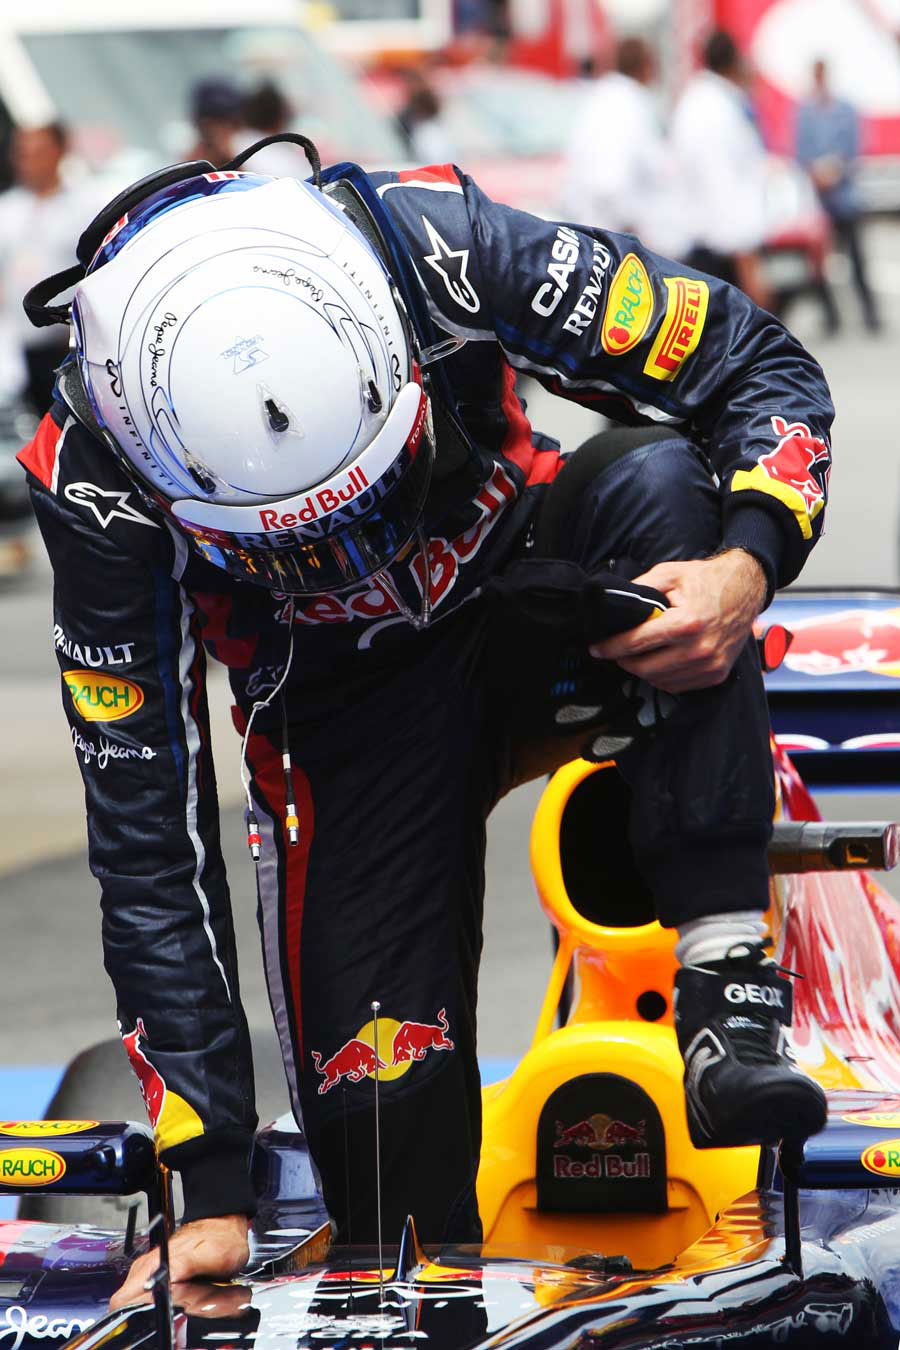 Sebastian Vettel climbs from his RB8 after qualifying
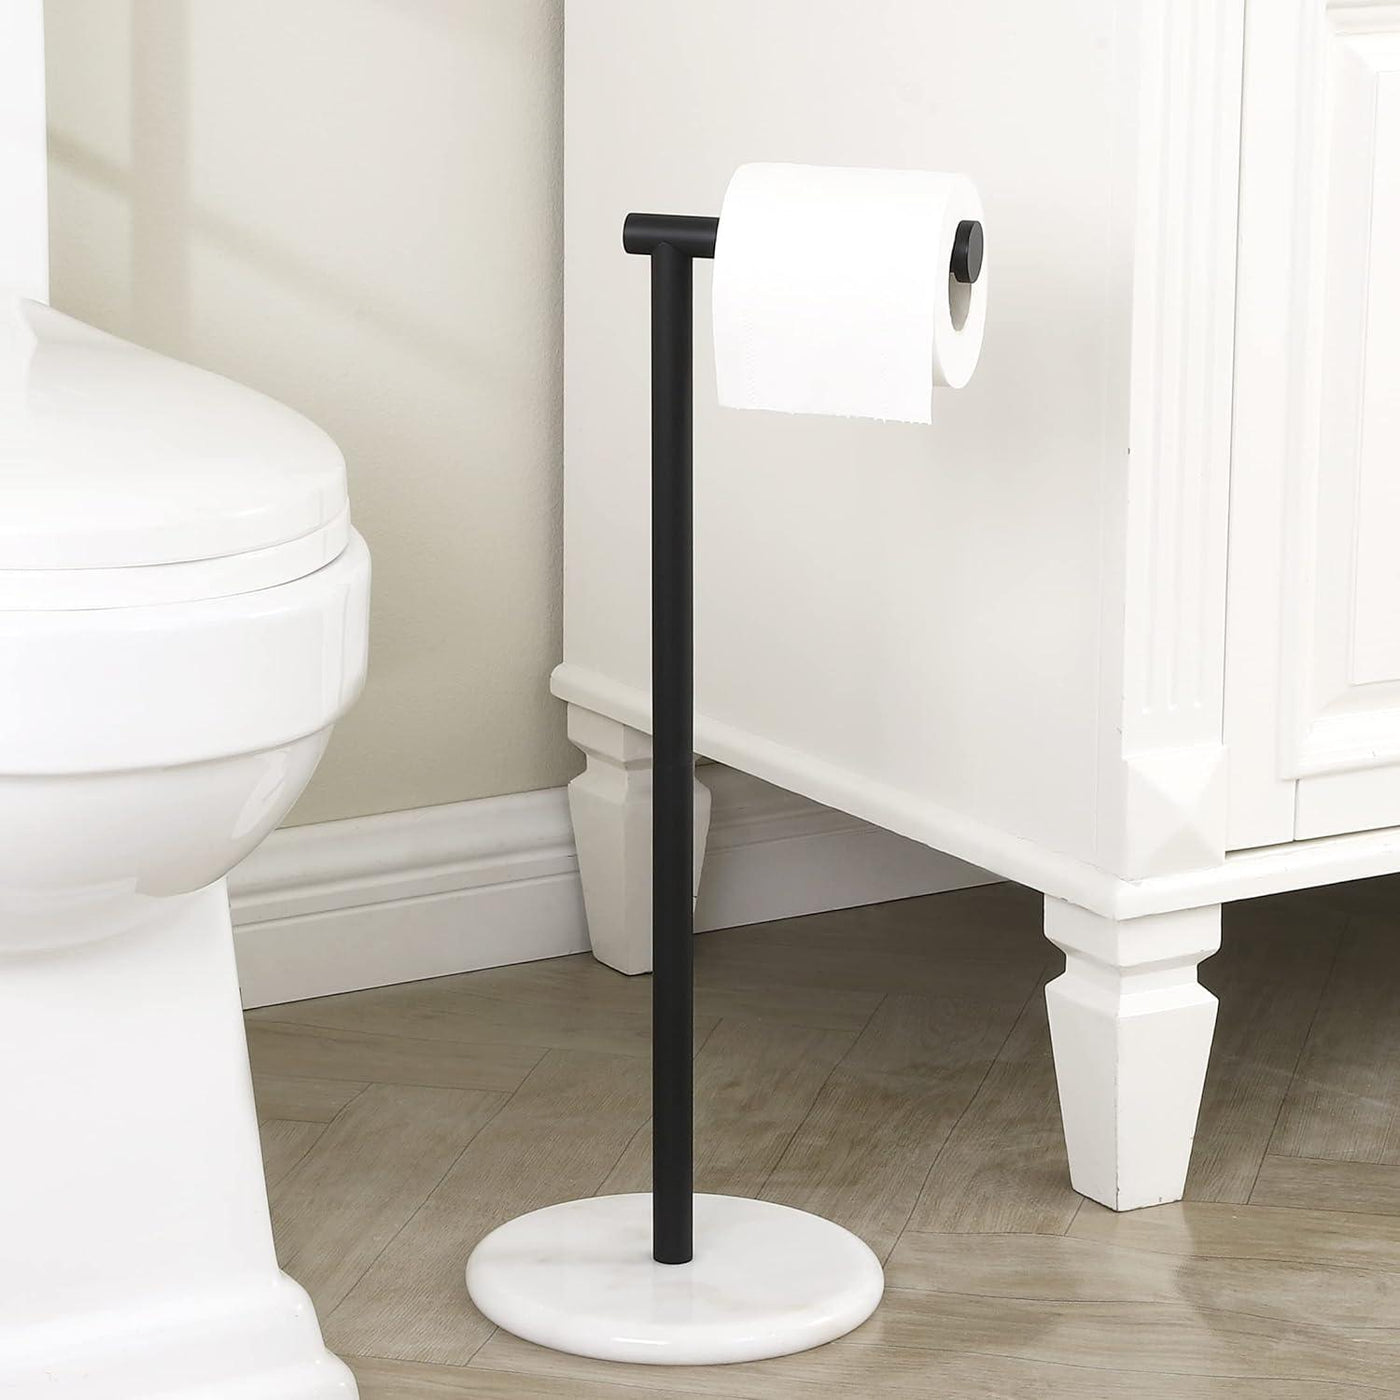 KES Toilet Roll Holder Free Standing, Marble Base Silver/ Gold/ Black - Massive Discounts
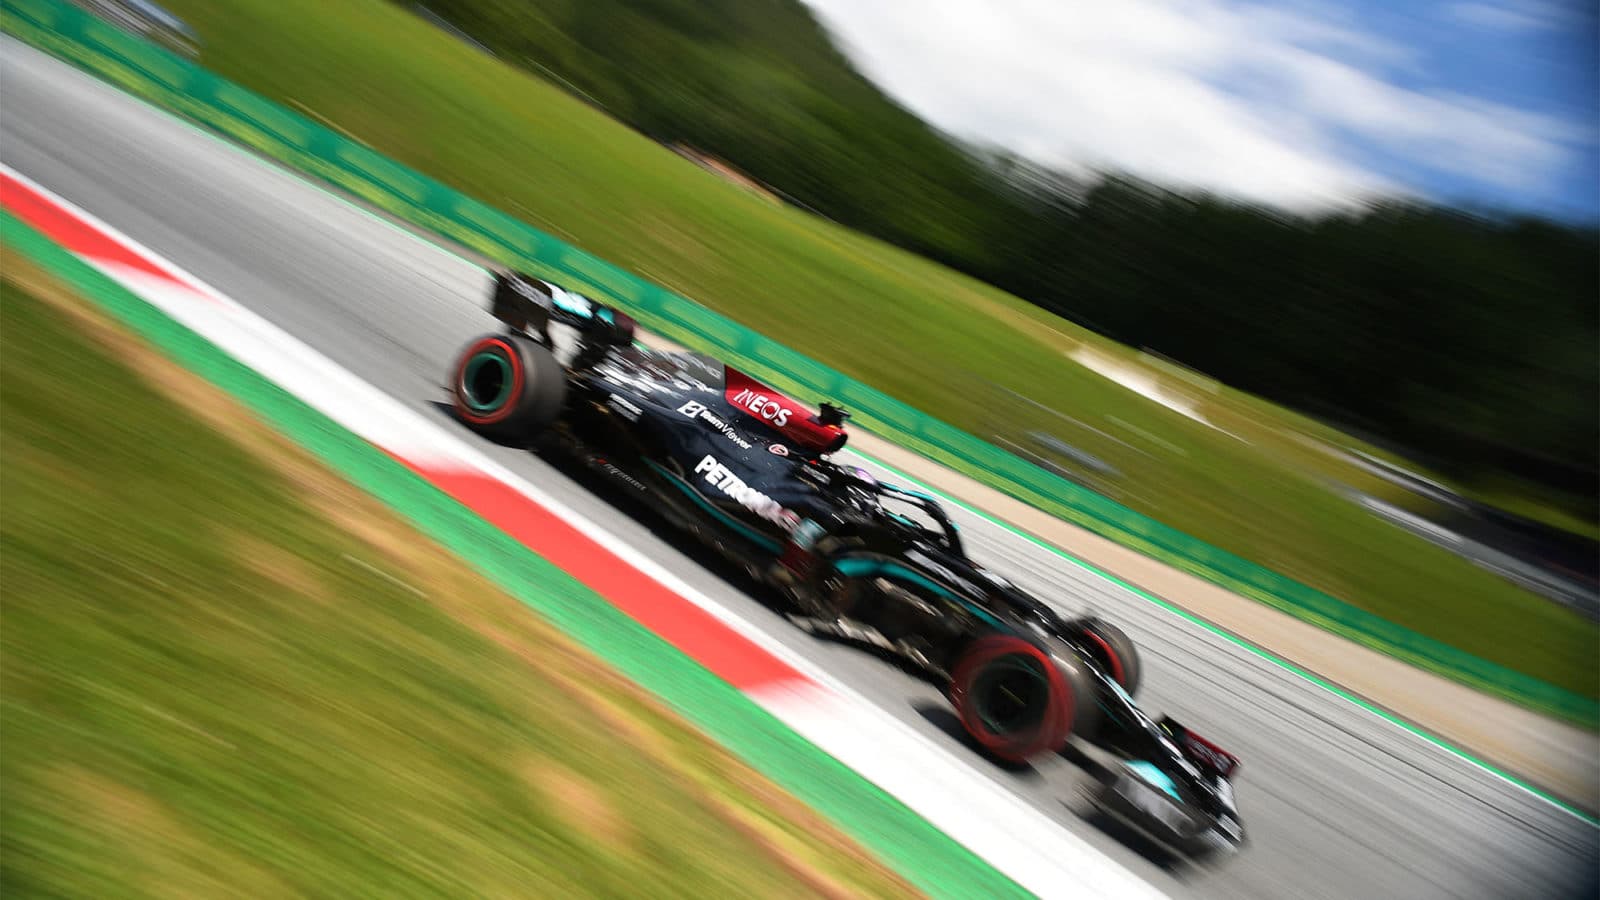 Mercedes' British driver Lewis Hamilton drives during the third practice session at the Red Bull Ring race track in Spielberg, Austria, on June 26, 2021, ahead of the Formula One Styrian Grand Prix. (Photo by JOE KLAMAR / AFP) (Photo by JOE KLAMAR/AFP via Getty Images)

_Instructions for the task_
The job here is to retype the data exactly, with no pictures included.

_Solution to the exercise_
 Sebastian Vettel climbs from his RB8 after qualifying
 KES Toilet Roll Holder Free Standing, Marble Base Silver/ Gold/ Black - Massive Discounts
 Mercedes' British driver Lewis Hamilton drives during the third practice session at the Red Bull Ring race track in Spielberg, Austria, on June 26, 2021, ahead of the Formula One Styrian Grand Prix. (Photo by JOE KLAMAR / AFP) (Photo by JOE KLAMAR/AFP via Getty Images)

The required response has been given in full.